In einer der etlichen Taubenvereine tritt eine Mutation auf. Jetzt greifen die „Viechers“ zur Macht. „Es ist der erste Schritt zu Weltherrschaft“, verrät Basener. Anschließend kommt es zum Show-down mit den Spatzen, die das Rheinland regieren. Es ist reine Spaßliteratur, die die Besucher hören.

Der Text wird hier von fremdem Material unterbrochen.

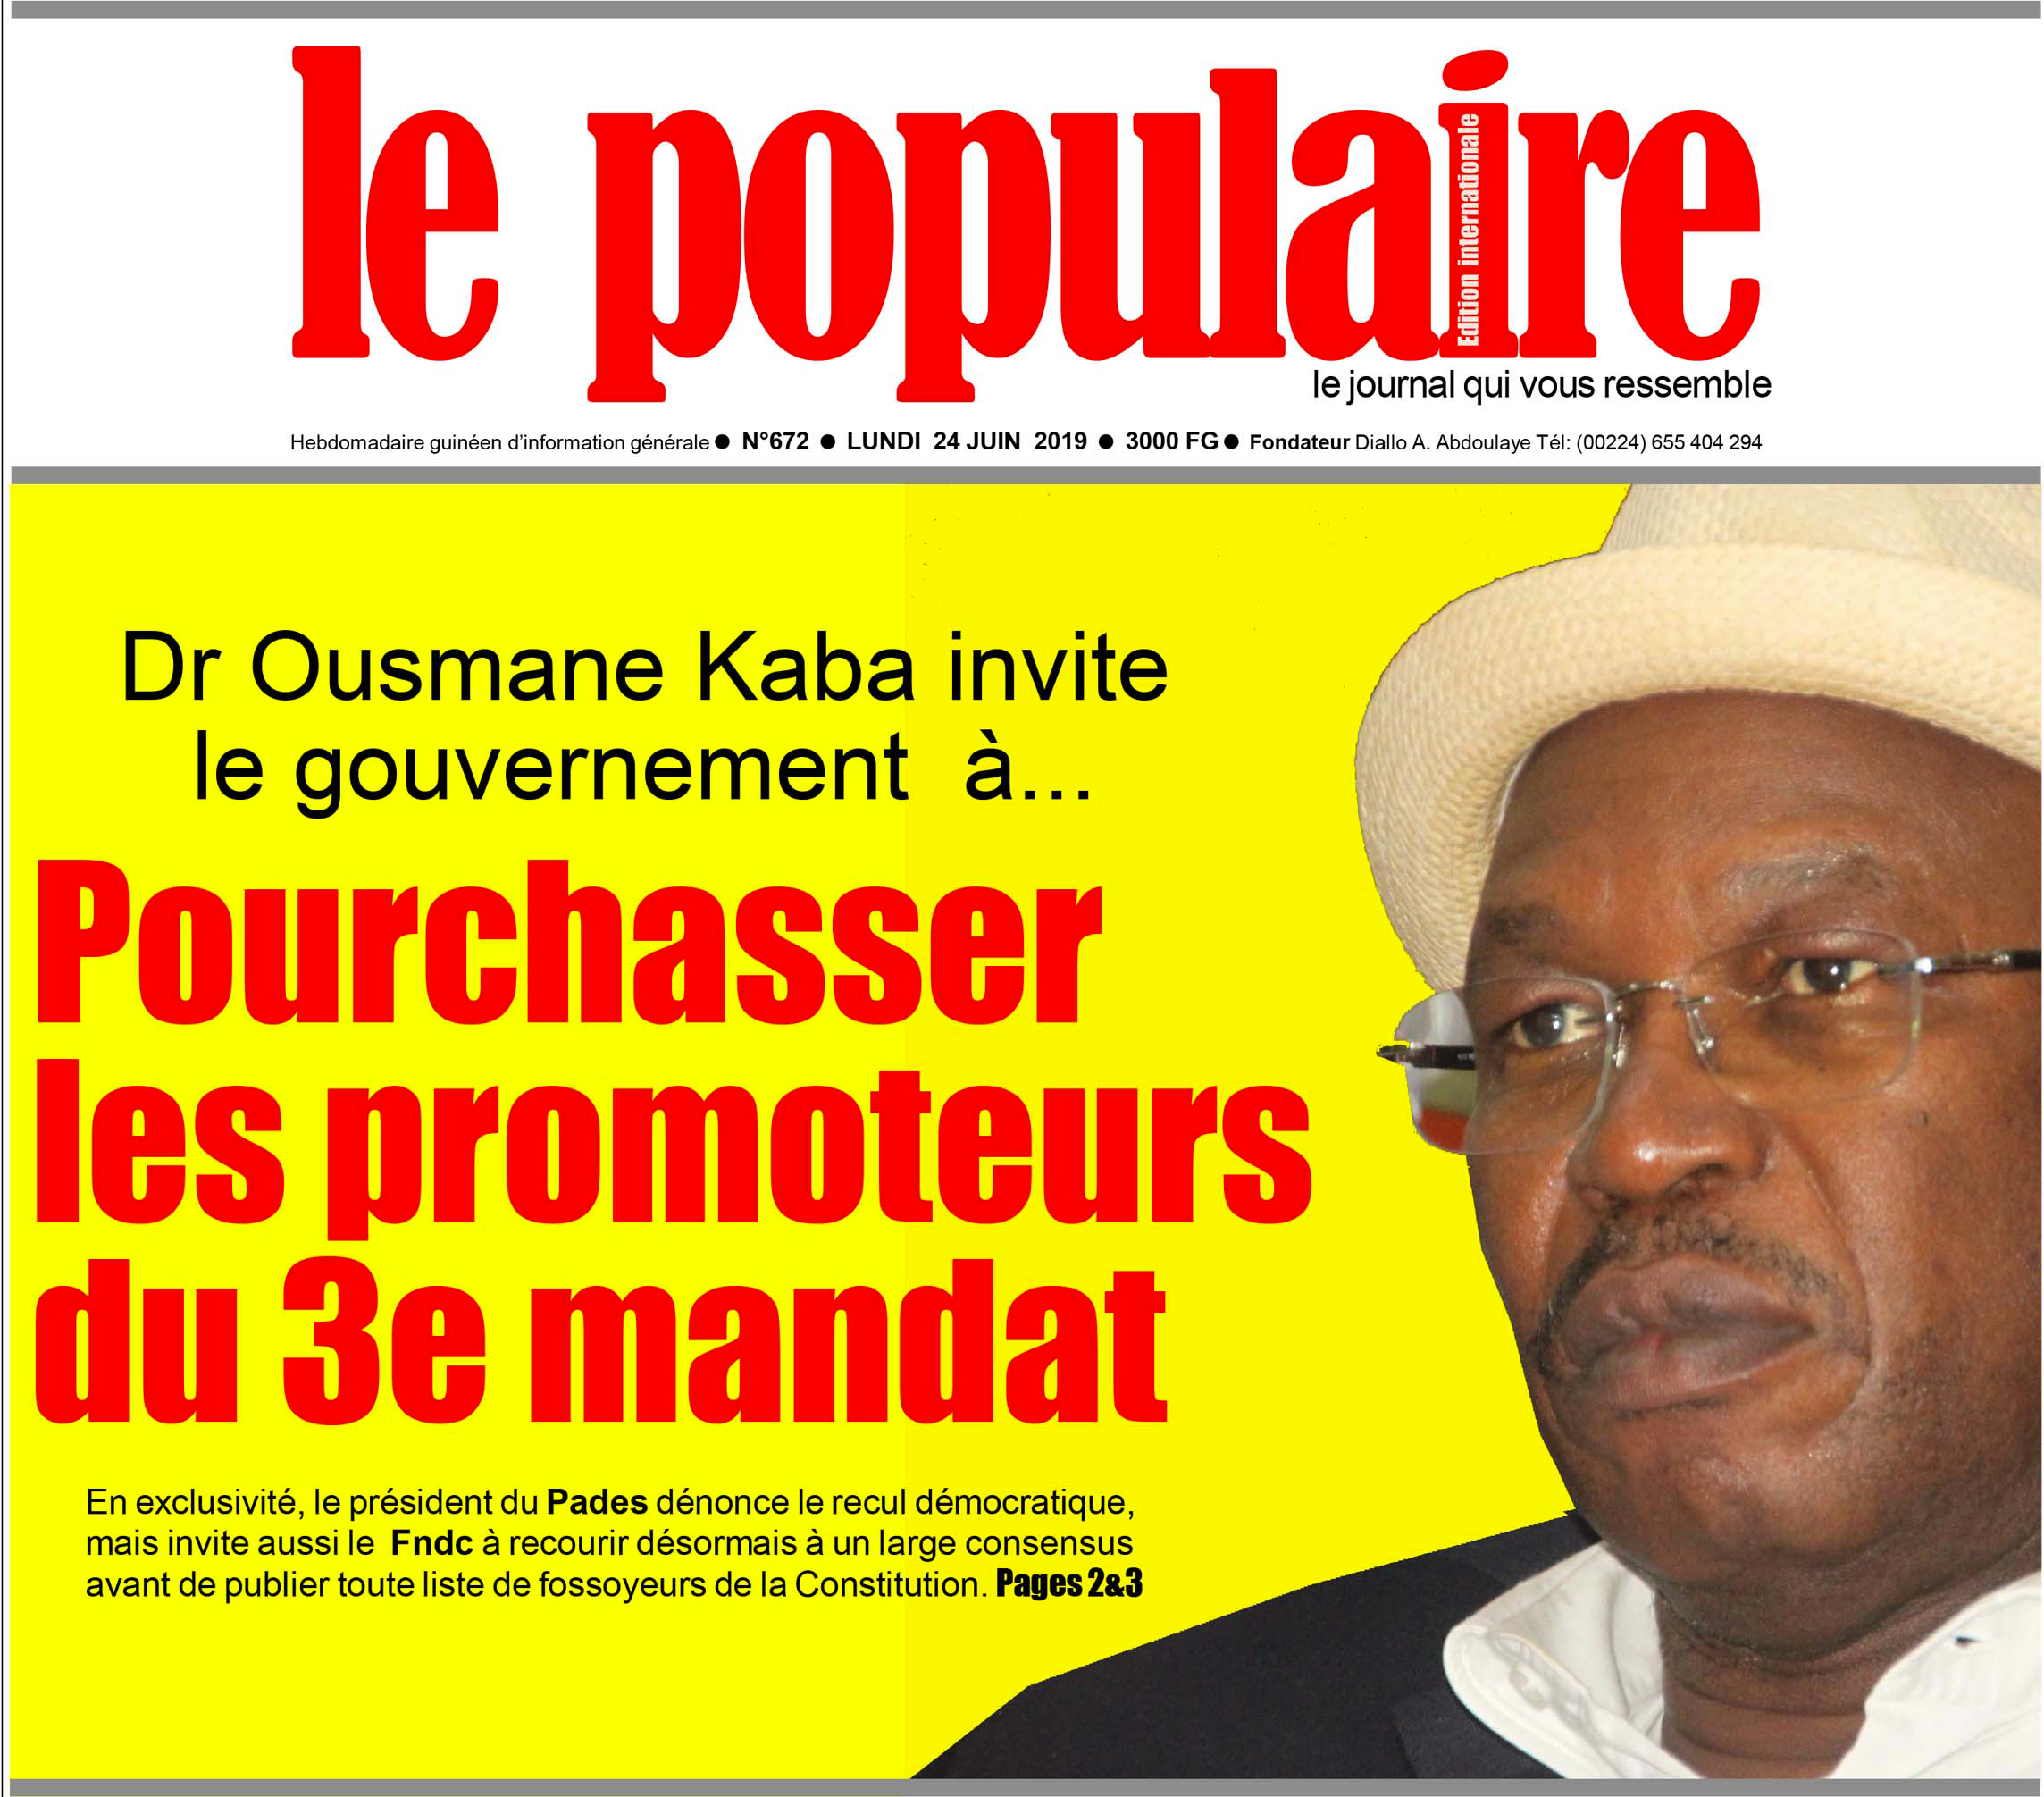 Le Populaire, le journal qui vous ressemble - Interview du Dr. Ousmane KABA

Die Zollverein-Zeitreise ist ein buntes Potpourri

Dort, wo einst die Kohle in kleinen Wagen abtransportiert wurde, wartet Jason Bartsch. Der Wahlbochumer feierte vor allem als Poetry-Slammer Erfolge. Und auch an diesem Nachmittag serviert er einen Spoken-Word-Text, der die Zukunft Zollvereins mit den gesellschaftlichen Verwerfungen der Gegenwart verbindet. Da geht es um die rechtspopulistischen Rädelsführer, die mit ihren Parolen in einer Region abprallen, die ohnehin schon immer ein buntes Potpourri aus Herkunft und Kultur war. Und auch das Umweltthema hakt Bartsch ab: „Wie rettet man Werte, wenn man nicht mal Bäume retten kann?“ Denn bekanntlich ist auch der Bergbau Schuld an der Ausbeutung von Natur und Mensch.

Zum Abschluss treten der Kabarettist David Vormweg und sein Co-Entertainer Rudolf Klein als sichtlich ramponierte Urgesteine des Zechenbetriebs auf. Hinter ihnen hängt die Schutzheilige der Bergleute, Barbara. Rudolf Klein trägt einen kaputt malochten Buckel, den er kurz und knackend einrenken muss. Ja, die Vergangenheit hier war anstrengend. Wie die Zukunft aussieht, wissen wir nicht. Aber sie stimmen mit den Besucher das Steiger-Lied ein, natürlich auch als eine Hymne der Gegenwart.